Clifton Bean, a Travis County resident who has multiple health issues that contribute to his disability, said he sees the problem every time he tries to go downtown to spend an evening with his family.
"Every time we go, we can't find a parking spot, and wind up going home. After a while, you just get disappointed," Bean said.
According to Lae Austin, the Central Area Engineer for the City of Austin, the city abides by the guidelines set by the Texas Accessibility Standards, which specifies a certain percentage of spaces required to be ADA (American Disability Act) accessible, per total number of spaces in the city.
There are approximately 8,000 parking spaces citywide. Of those, Austin said 183 are ADA accessible. with a majority of those located downtown.
"We currently exceed, by a decent amount, the number of ADA required spaces, so we are already in excess of what is out there," she said.
On Oct.14, the city implemented a raise in metered parking prices to help with the turnover of spaces. Since people requiring accessible parking can park in general spaces for free in the city, Austin believes this can help resolve the issue.
Bean echoed that sentiment.
"If I can't find another handicap spot, the best alternative would be another spot," Bean said.
However, she acknowledged that on a typical workday, an accessible space may be occupied for an entire day. She said the Transportation Department is considering placing a time limit on handicap spaces.
When it comes to where each ADA spot is placed, Austin said it gets complicated.

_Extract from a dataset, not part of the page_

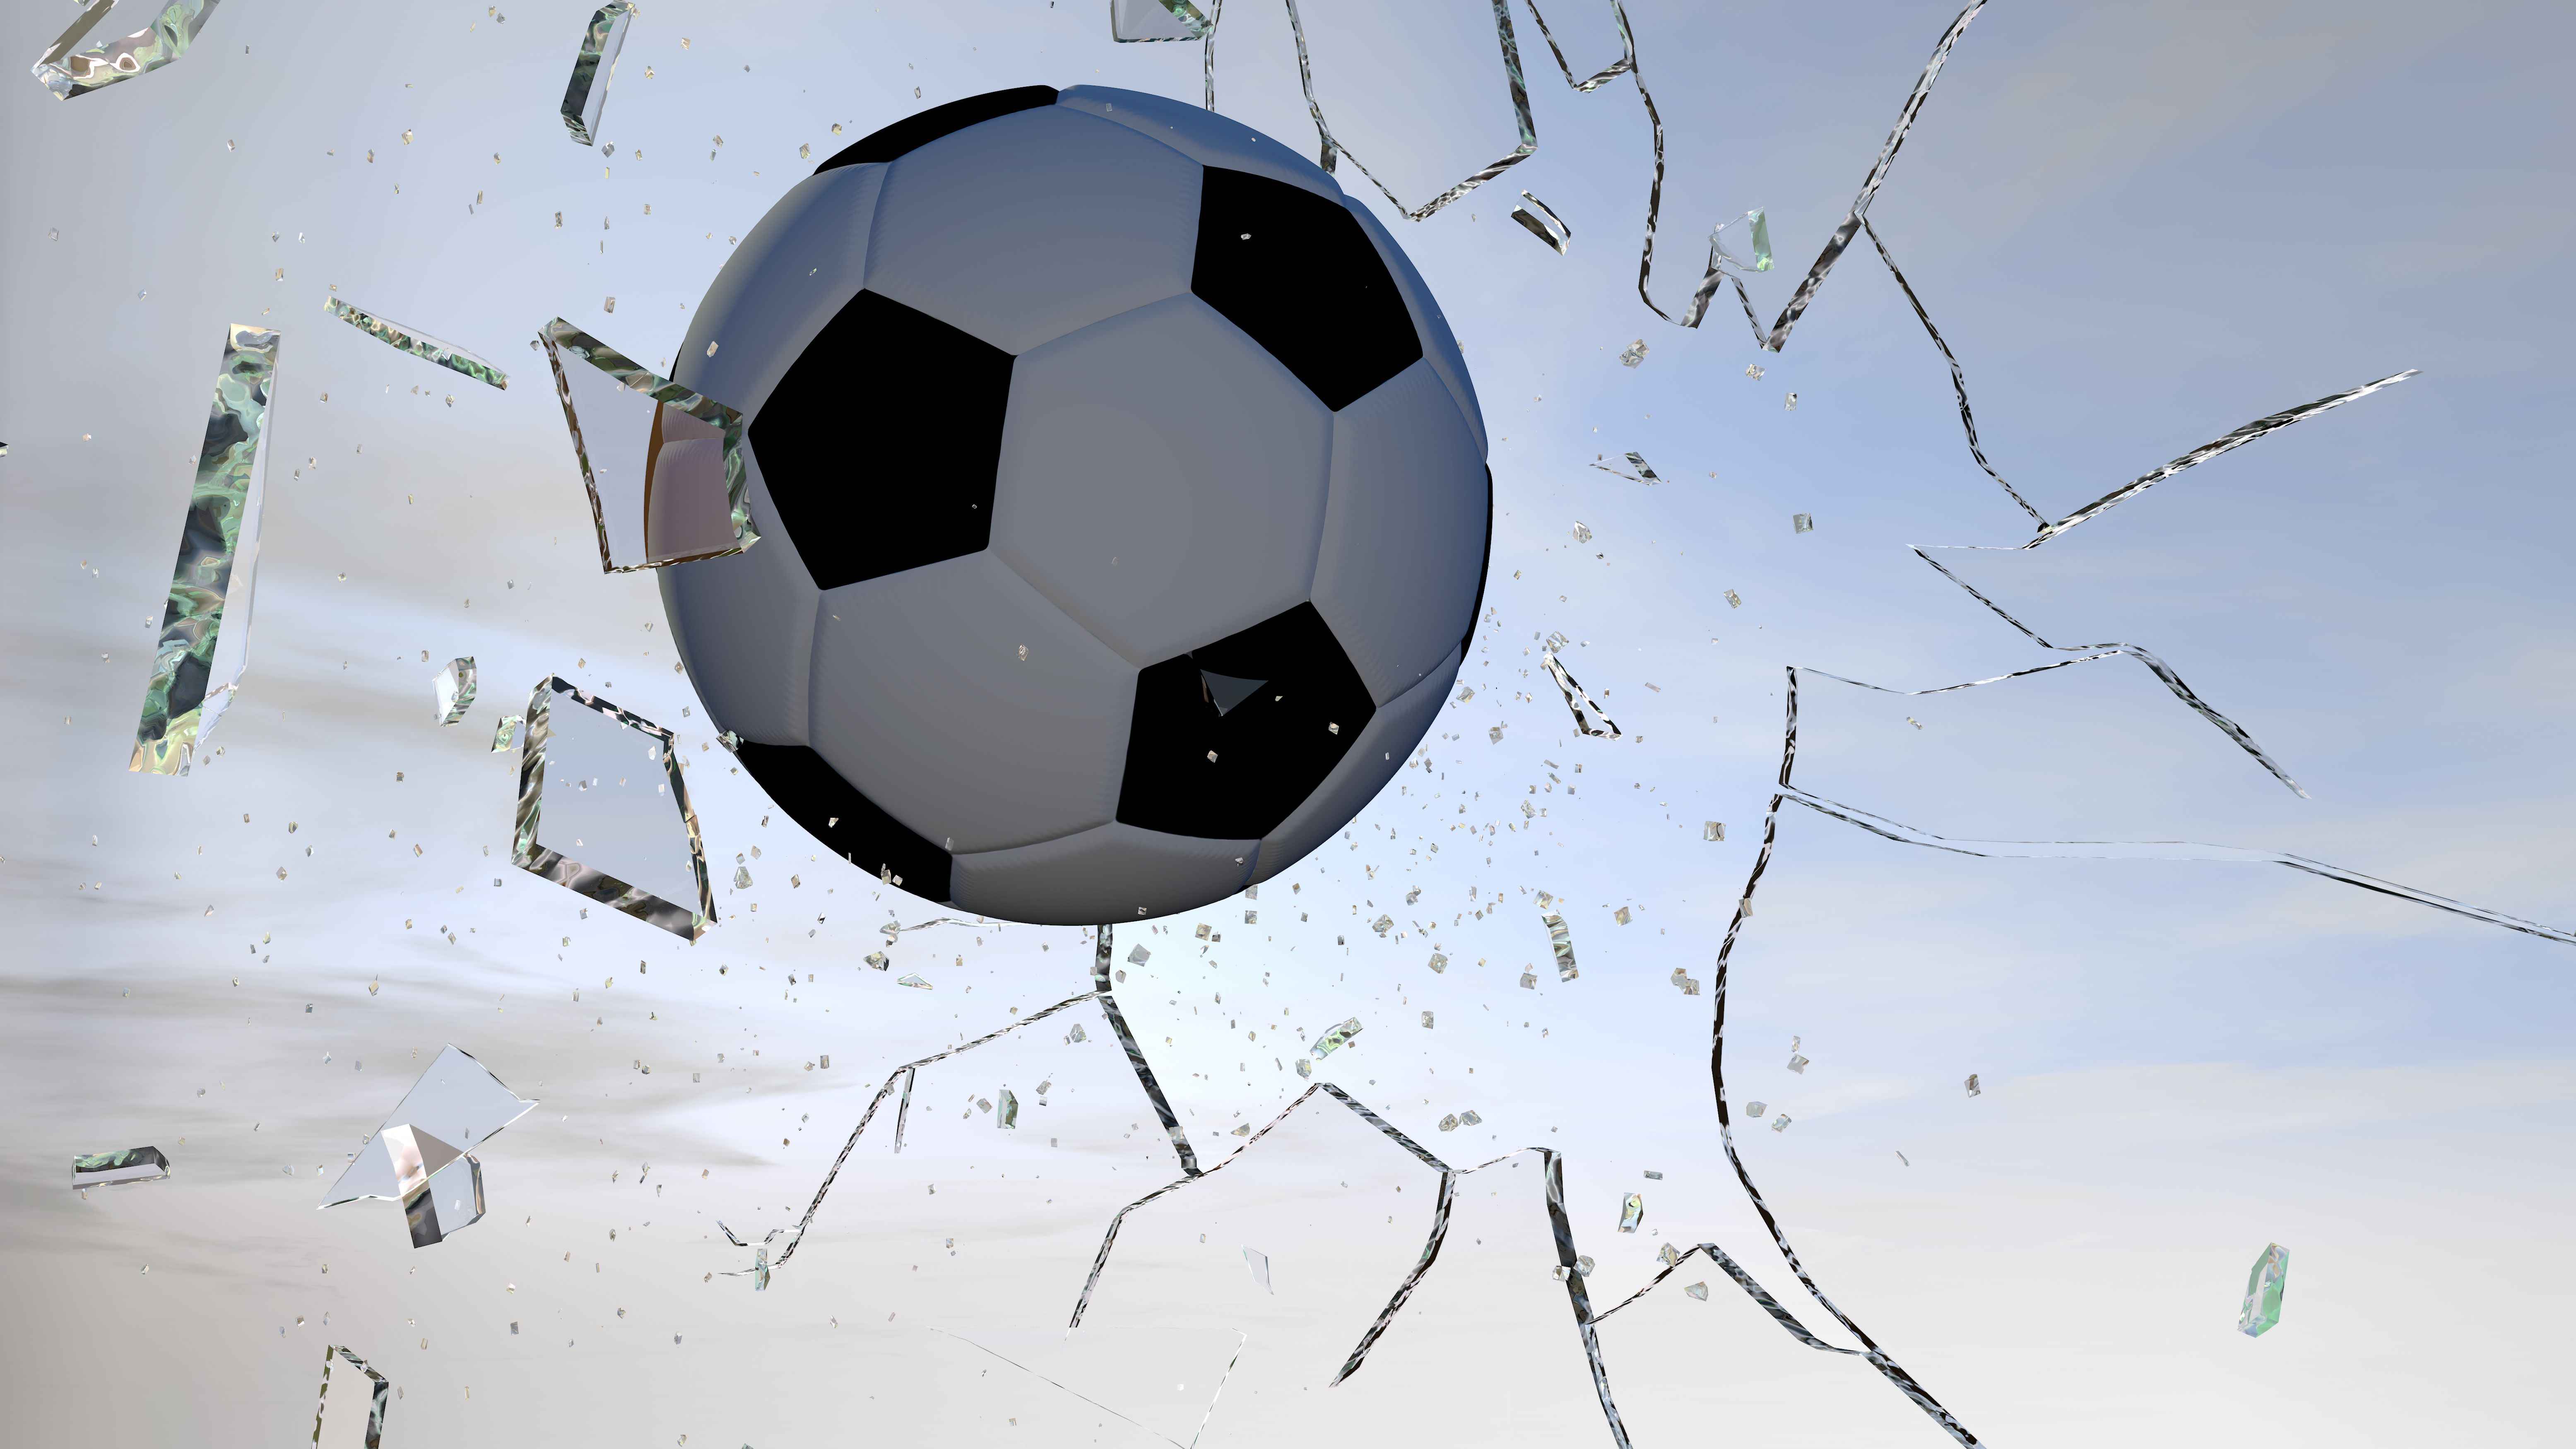 Fussball fliegt durch eine Glasfensterscheibe und zertrümmert diese.

The Texas Accessibility Standards (TAS) are designed for parking facilities, not right-of-way parking. Currently, the federal government is working on guidelines to address street parking requirements.
"It's been in draft form for over a decade and it doesn't show any signs of being adopted immediately," she said.
In addition to hiked meter fees, Austin said as new developments are built, more ADA accessible spots must be added.
"We are adding handicap spaces pretty much continuously," she said.
Bean hopes the city puts the guidelines aside and looks at the elderly/disabled population who want to have the same access as anyone else, especially those who cannot afford parking garages.
“A lot of handicap people, like myself, we are on fixed incomes. We can't afford to pay the $30 for parking,” he said.
Austin suggested anyone struggling with downtown parking fees to consider the Affordable Parking Program.